Под ропот разочарованной свиты она ставит в Машкиной графе спасительную галочку.

– Ну, ты даешь, мать, – говорит Анька подруге. – Я думала, ты уже давно отметилась.

Та, прислонившись к стене, только машет рукой – дай, мол, отдышаться. Анька берет ее под локоть:

– Пошли, а то в контору опоздаем.

Они медленно бредут по тротуару. Ничего страшного, успеют, есть еще время до девяти. До этого сугубо гражданского конструкторского бюро Анька работала на жутко режимном предприятии под названием «Аметист», куда попала по распределению после института. Вот уж куда нельзя было опаздывать! На проходной там зимой и летом стояли одни и те же существа неопределенного пола в черных бушлатах и с каменными масками вместо лиц. Анькин непосредственный начальник Ленька Громов уверял, что они не то инопланетяне, не то прямые потомки Франкенштейна. В руках эти франкенштейны сжимали настоящие автоматы Калашникова с примкнутыми штыками. Уговорить их на что-либо человеческое не было никакой возможности, да никто и не пробовал.

Чтобы попасть на территорию «Аметиста», требовалось пройти через турникет, расположенный между двумя такими охранниками, как меж Сциллой и Харибдой. Всякий раз, когда Анька приближалась к этому месту, сердце ее сжималось. Направление взгляда франкенштейнов казалось еще более неопределенным, чем их происхождение: сквозь узкие щелочки глаз не видно было зрачков. Пожалуй, их выдавали лишь штыки, синхронно поворачивающиеся к объекту внимания подобно подсолнухам, которые всегда следуют за солнцем. Опасливо косясь на автоматы, Анька упиралась бедром в штангу турникета и сиплым от волнения голосом произносила заветный пароль: «Четыре триста шестнадцать!»

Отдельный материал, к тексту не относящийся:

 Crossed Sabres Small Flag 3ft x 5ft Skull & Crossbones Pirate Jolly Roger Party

Это был номер ее рабочего удостоверения. В ту же секунду один из франкенштейнов опускал руку под прилавок, точным движением доставал пропуск и секунду-другую сверял улыбающуюся на фотографии Аньку с бледным от ужаса оригиналом. Как он усматривал сходство между двумя этими объектами, знали лишь бог и творец франкенштейнов. Анька ждала, замерев меж двумя нацеленными штыками. Наконец охранник швырял пропуск на стойку, щелкал, поддаваясь, турникет, и Анька на негнущихся ногах ковыляла внутрь, в святая святых своей суперсекретной конторы.

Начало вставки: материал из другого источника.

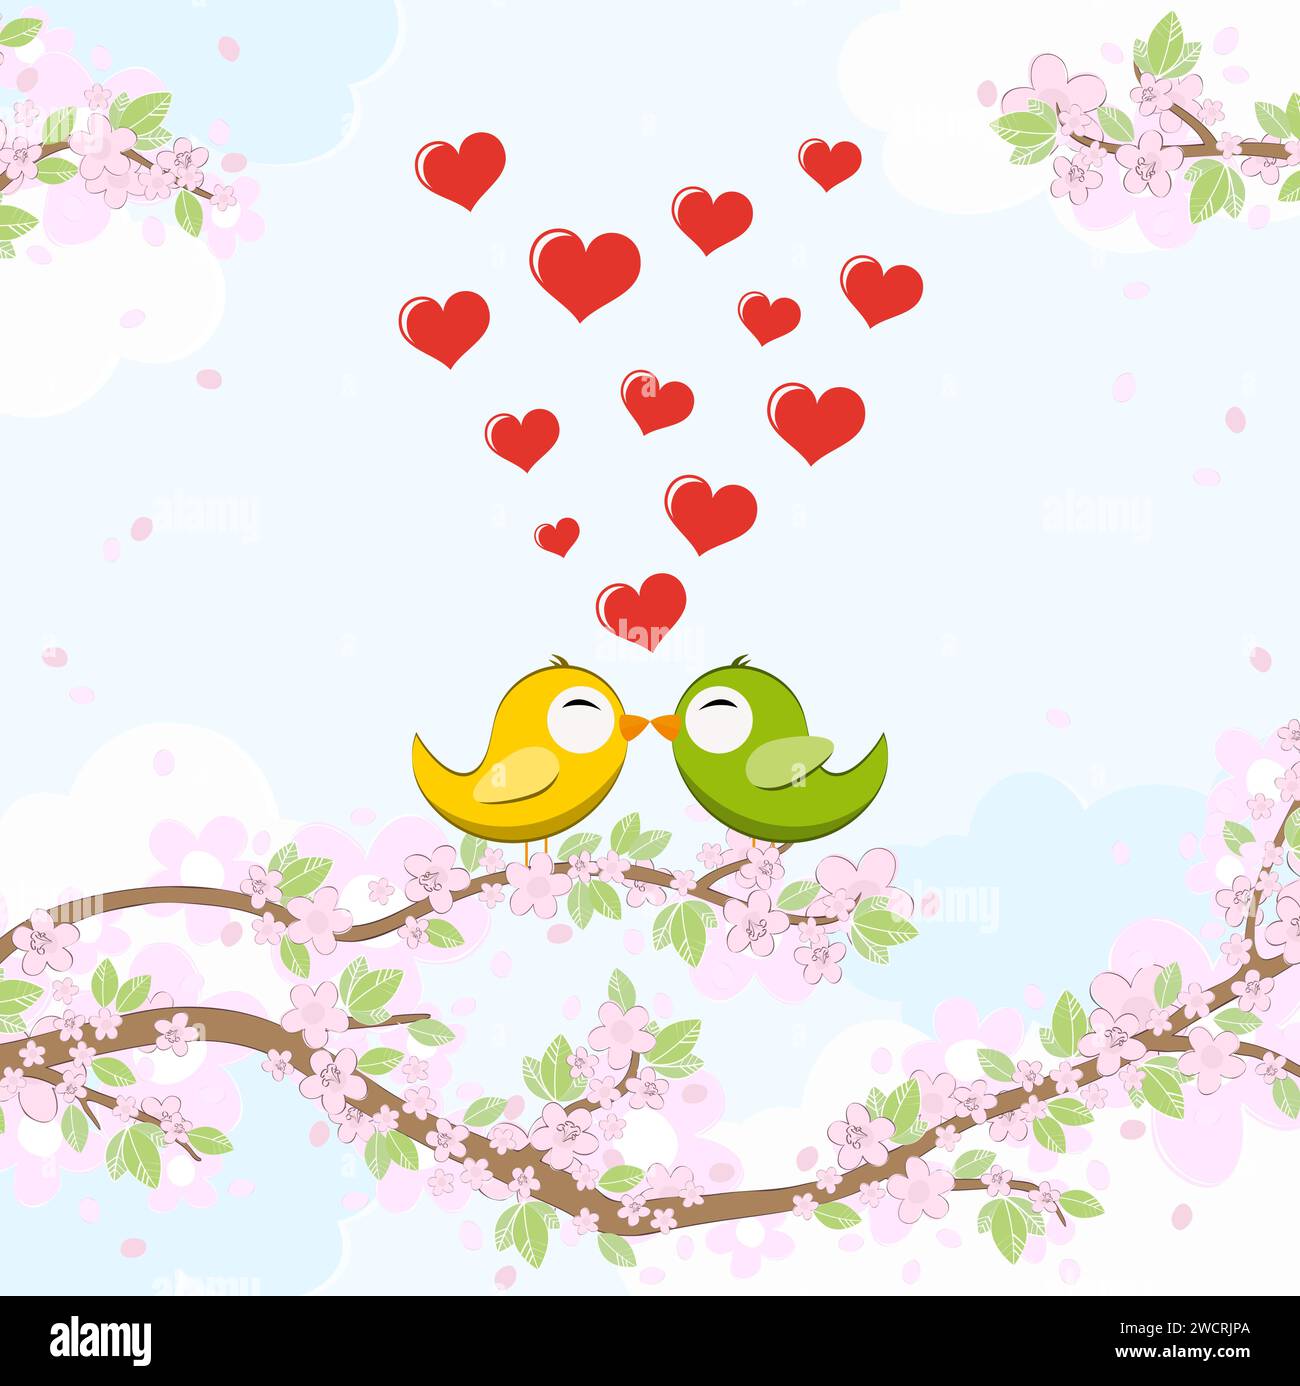 eps vector file with yellow and green colored kissing birds in love sitting on branches with blossoms and green leaves in spring time, background with Stock Vector

По ночам ей снились кошмары. Они начинались по-разному. Иногда вместо «четыре триста шестнадцать» она по ошибке произносила что-то другое, похожее, – например, «четыре триста шестьдесят», или, напротив, что-то вовсе неподобающее, типа «облако, озеро, башня». Иногда она пыталась улыбнуться, чтобы лучше походить на фотографию, но вместо улыбки выходила какая-нибудь козья морда, причем во сне, видя себя со стороны, Анька страдала не от того, что превратилась в уродливую козу, а от злостного несоответствия документу. Иногда, уже пройдя проверку, она вдруг обнаруживала, что не может выбраться из турникета: он превращался в подобие беличьего колеса, и Анька принималась в панике наматывать круги по бесконечной замкнутой траектории.

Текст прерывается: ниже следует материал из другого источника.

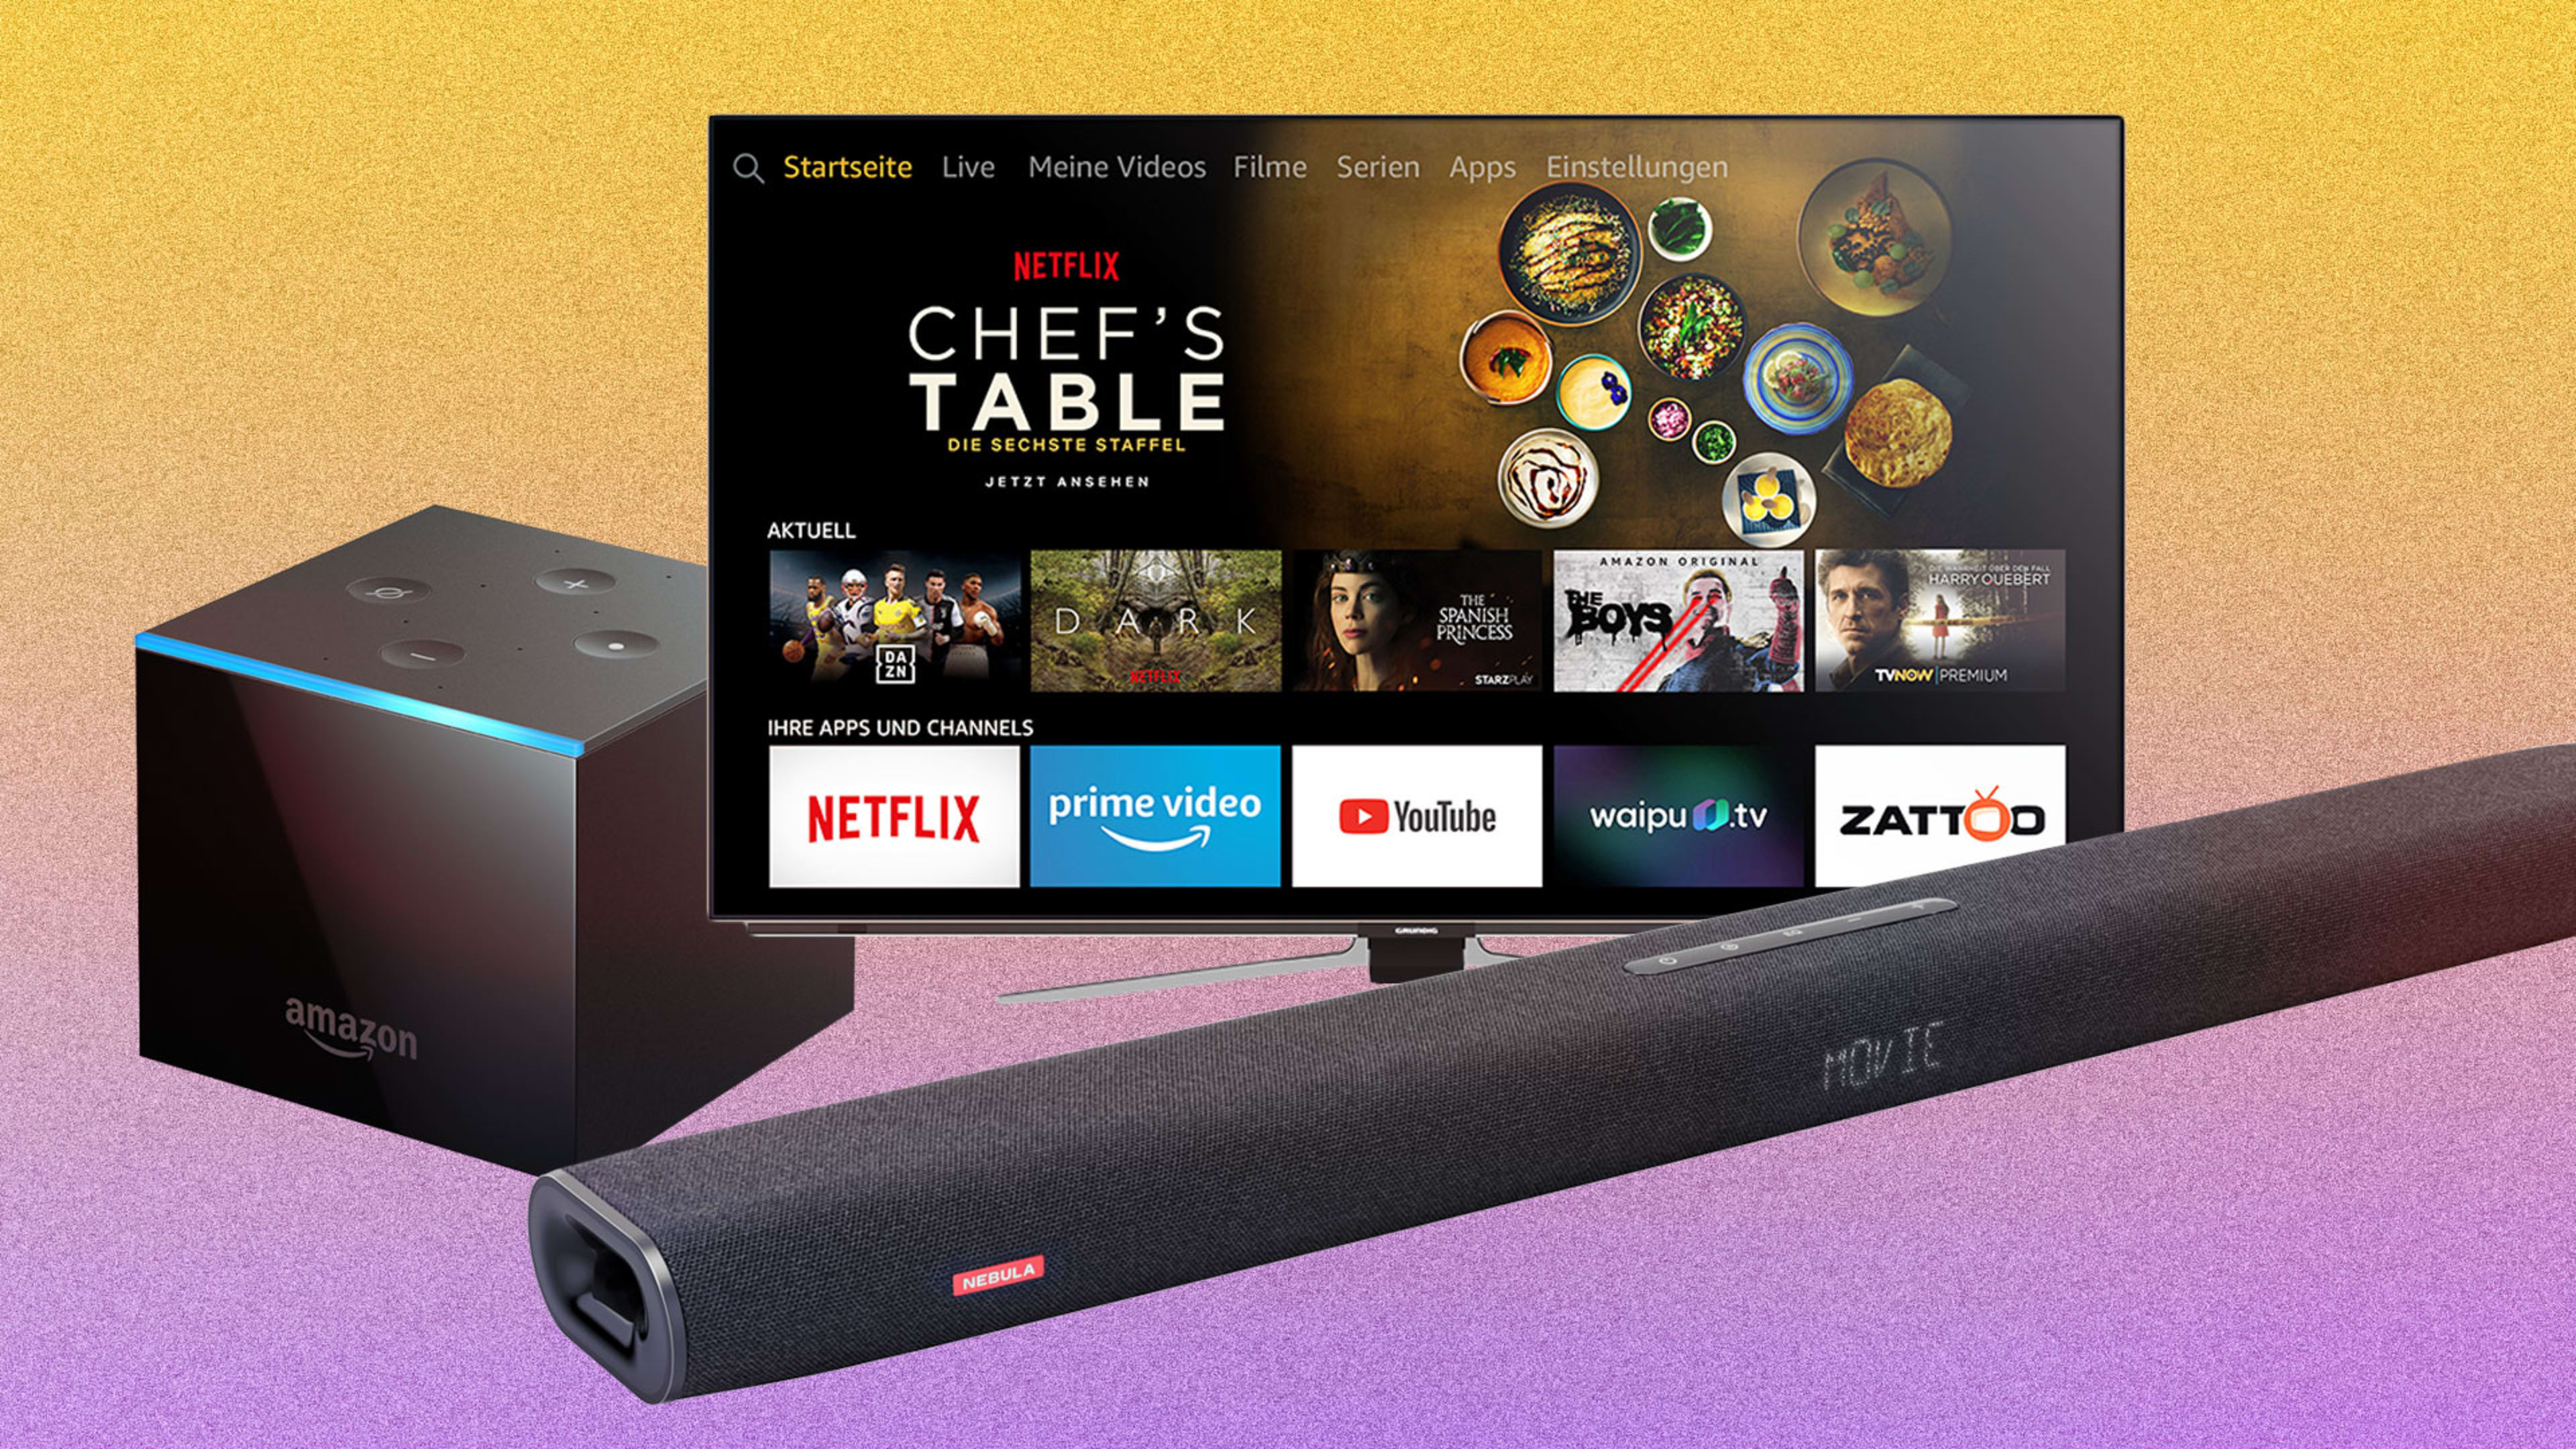 Amazon Fire TV is quietly overtaking Roku, and here’s how

Да, кошмары начинались и так, и этак, но заканчивались всегда одинаково. Франкенштейны, страшно оскалившись, перехватывали покрепче свои автоматы, и их острые штыки, безусловно, вонзались бы прямиком в беззащитное Анькино сердце, если бы она всякий раз не ухитрялась проснуться за какую-то долю секунды до неминуемой смерти. Но как долго могло продолжаться это везение? Когда-нибудь она опоздает вовремя открыть глаза, и… Мысль об этом мучила Аньку в течение дня, а ночью повторялся сон со штыковой атакой черных бушлатов. О, эти каменные непроницаемые маски! О, этот страх опоздания, душный, давящий, затягивающий, как омут! Опоздания считались на «Аметисте» самым страшным грехом. Ужасней была, пожалуй, лишь измена Родине. Проходная имени Франкенштейна наглухо закрывалась в восемь тридцать утра; начиная с этого времени на территорию предприятия можно было попасть разве что вертолетом. Это автоматически навешивало даже на минутную задержку гремящую позором вывеску «Прогул».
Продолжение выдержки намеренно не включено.